Also on the new one Kerry looks like he is having fun with training you, was it fast glycotic training? Reminds me of Mr Collier yesterday when I checked in with him and training that 60rep giant set on close grip pulldowns lol


----------



## Dai Jones (Dec 1, 2009)

Will be good to follow you again


----------



## Suprakill4 (Jul 11, 2008)

supercell said:


> Thanks buddy, hope you find it useful
> 
> I dont have any plans after the BGP, I always just look one show ahead.
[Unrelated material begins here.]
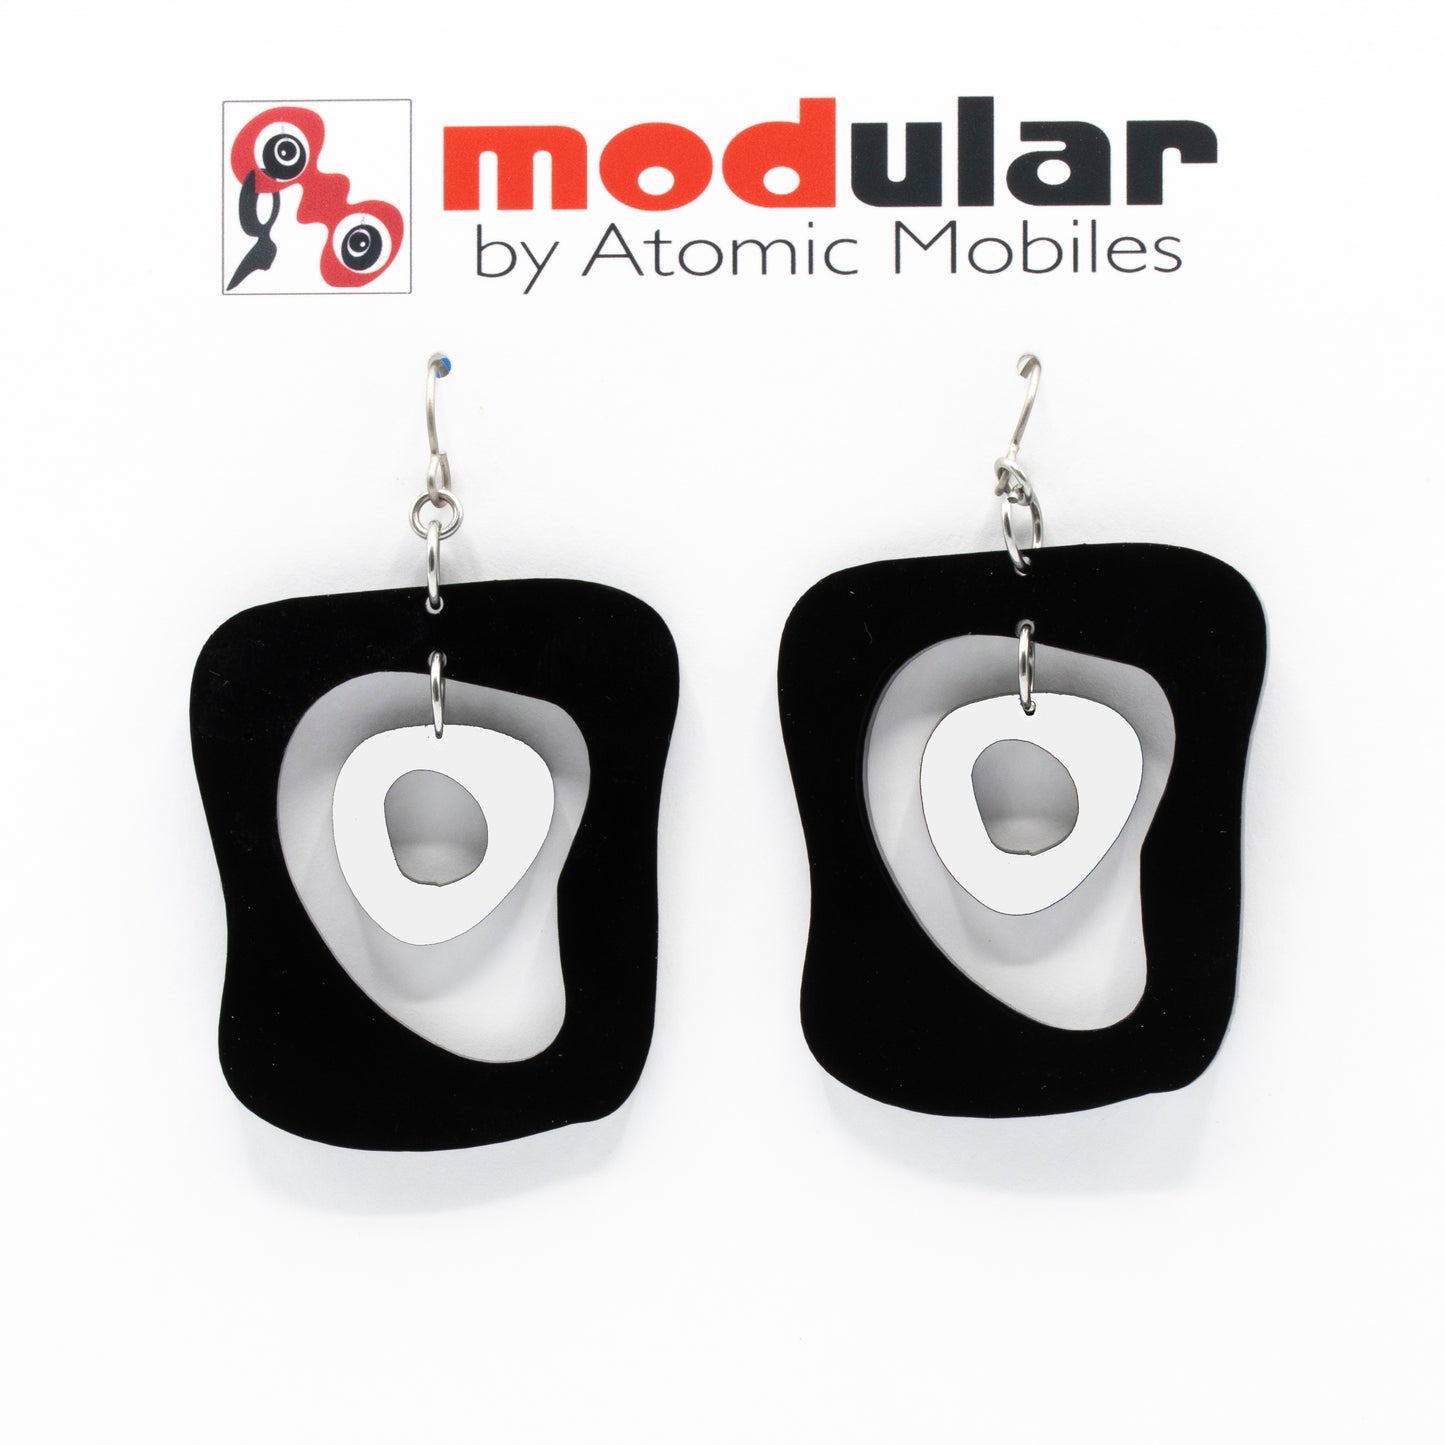 MODular Earrings - Mid Mod Statement Earrings in Black and White by AtomicMobiles.com - mid century inspired modern art dangle earrings
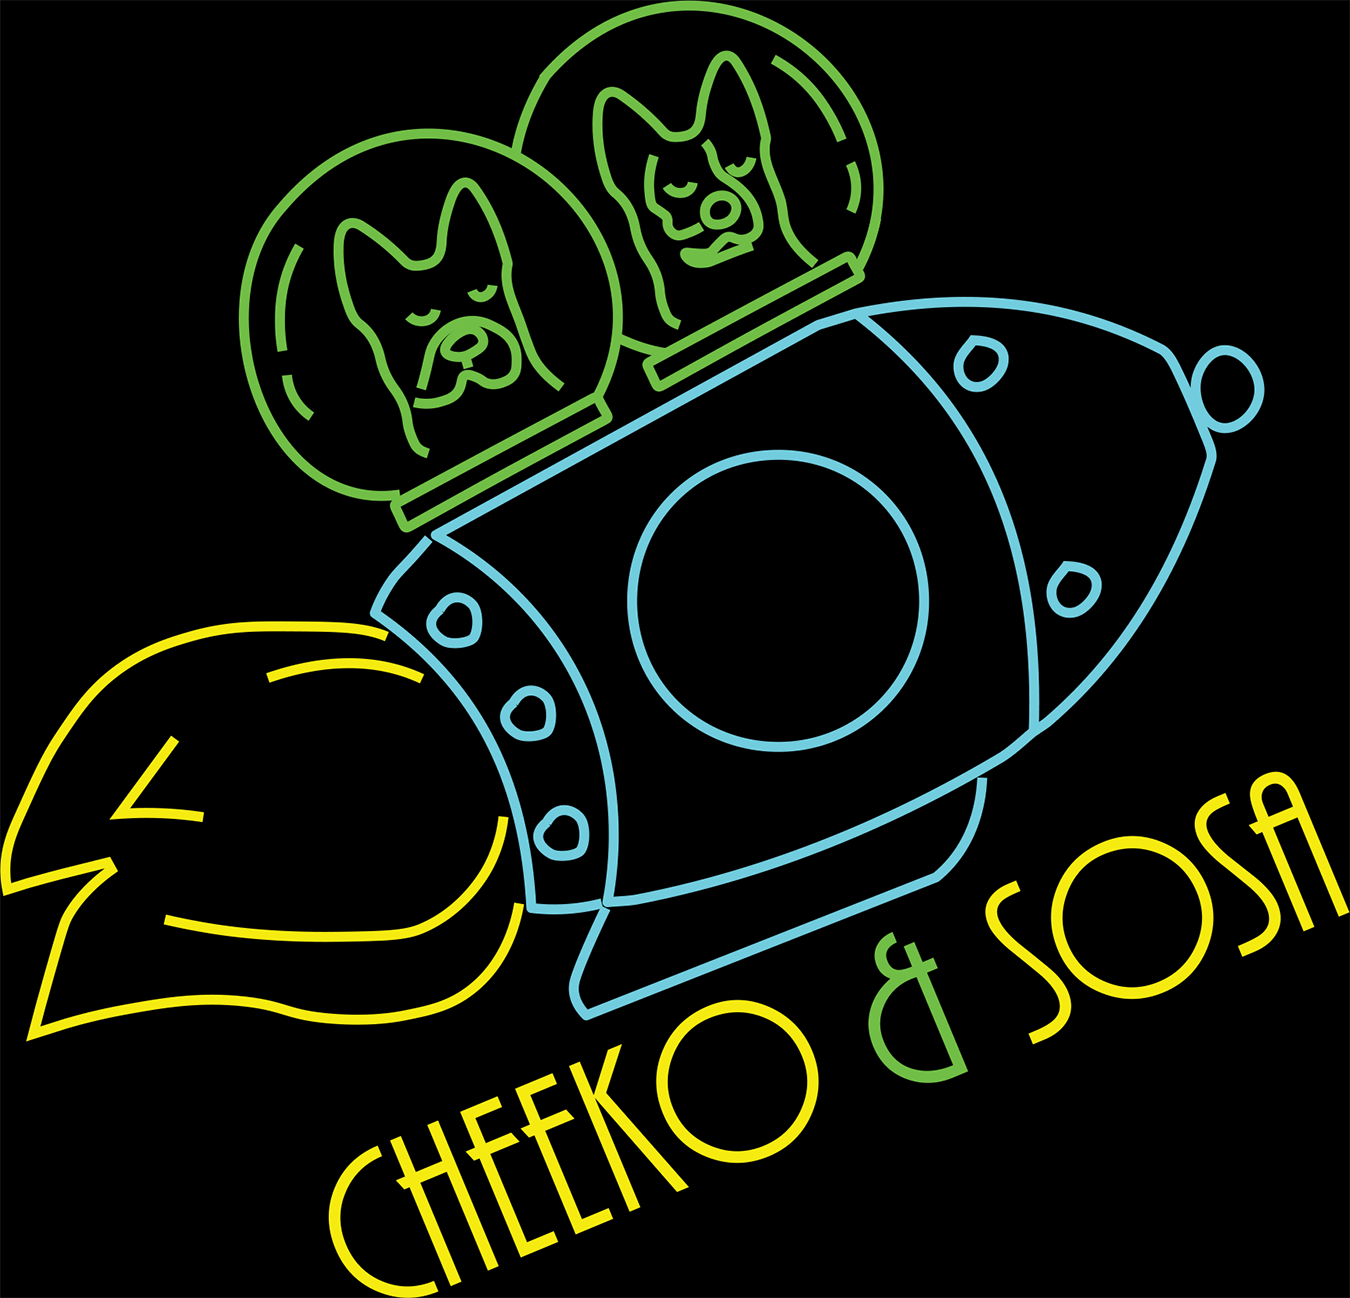 Custom "Cheeko & Sosa" dogs neon sign

Yeah I'm happy here in Wales, my last DVD, The Awakening, highlights that there are many things that make up a top BBing competitor and when some things go wrong in your life, it shows just how much of an impact it can have competitively and emotionally. I was in a very dark place indeed and wanted people to understand to some degree what I had gone thru but also what is still acheivable if you have the right mindset and resolve. It even upsets me to watch it, even now.
> 
> ...


Im glad you put it in the video mate, too many DVD's dont cover anything but the training side but yours gives the emotional and mental side of things. Upwards and onwards though mate, some good times to come im sure! Ill be atteending the BGP and cannot wait for it.


----------



## cas (Jan 9, 2011)

Looking great, I was expecting to see a old dude with a pop belly, what a surprise 

Was you still taking your supplements during your down time?

I would bloody love to be that size, can you put your own socks on still? Lol


----------



## delhibuilder (Mar 24, 2008)

nice one for comming back, im sure more will goto bgp just to see you.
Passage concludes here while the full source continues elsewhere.